Queue modes (per provider)

Inbound messages can steer the current run, wait for a followup turn, or do both:
  • steer: inject immediately into the current run (cancels pending tool calls after the next tool boundary). If not streaming, falls back to followup.
  • followup: enqueue for the next agent turn after the current run ends.
  • collect: coalesce all queued messages into a single followup turn (default).
  • steer-backlog (aka steer+backlog): steer now and preserve the message for a followup turn.
  • interrupt (legacy): abort the active run for that session, then run the newest message.
  • queue (legacy alias): same as steer.
Steer-backlog means you can get a followup response after the steered run, so streaming surfaces can look like duplicates. Prefer collect/steer if you want one response per inbound message.
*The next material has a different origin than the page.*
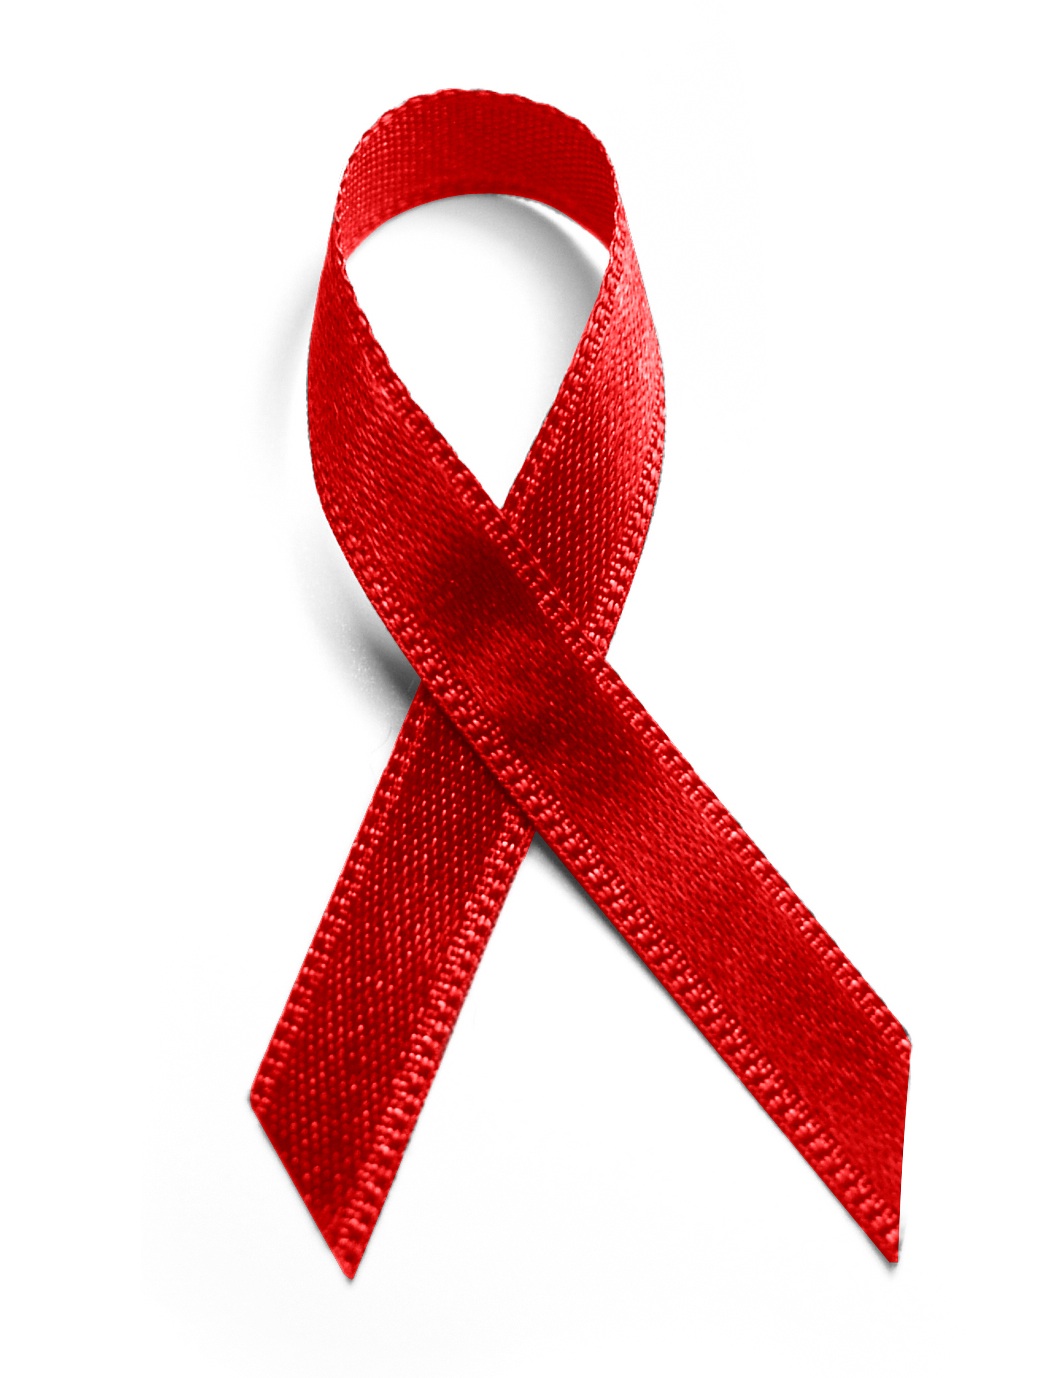 Health : World AIDS Day

Send /queue collect as a standalone command (per-session) or set routing.queue.byProvider.discord: "collect". Defaults (when unset in config):
  • All surfaces → collect
Configure globally or per provider via routing.queue:
{
  routing: {
    queue: {
      mode: "collect",
      debounceMs: 1000,
      cap: 20,
      drop: "summarize",
      byProvider: { discord: "collect" }
    }
  }
}

Queue options

Options apply to followup, collect, and steer-backlog (and to steer when it falls back to followup):
  • debounceMs: wait for quiet before starting a followup turn (prevents “continue, continue”).
  • cap: max queued messages per session.
  • drop: overflow policy (old, new, summarize).
Summarize keeps a short bullet list of dropped messages and injects it as a synthetic followup prompt. Defaults: debounceMs: 1000, cap: 20, drop: summarize.

Per-session overrides

  • Send /queue <mode> as a standalone command to store the mode for the current session.
  • Options can be combined: /queue collect debounce:2s cap:25 drop:summarize
  • /queue default or /queue reset clears the session override.

Scope and guarantees

  • Applies only to config-driven command replies; plain text replies are unaffected.
  • Default lane (main) is process-wide for inbound + main heartbeats; set agent.maxConcurrent to allow multiple sessions in parallel.
  • Additional lanes may exist (e.g. cron) so background jobs can run in parallel without blocking inbound replies.
  • Per-session lanes guarantee that only one agent run touches a given session at a time.
  • No external dependencies or background worker threads; pure TypeScript + promises.

Troubleshooting

  • If commands seem stuck, enable verbose logs and look for “queued for …ms” lines to confirm the queue is draining.
  • If you need queue depth, enable verbose logs and watch for queue timing lines.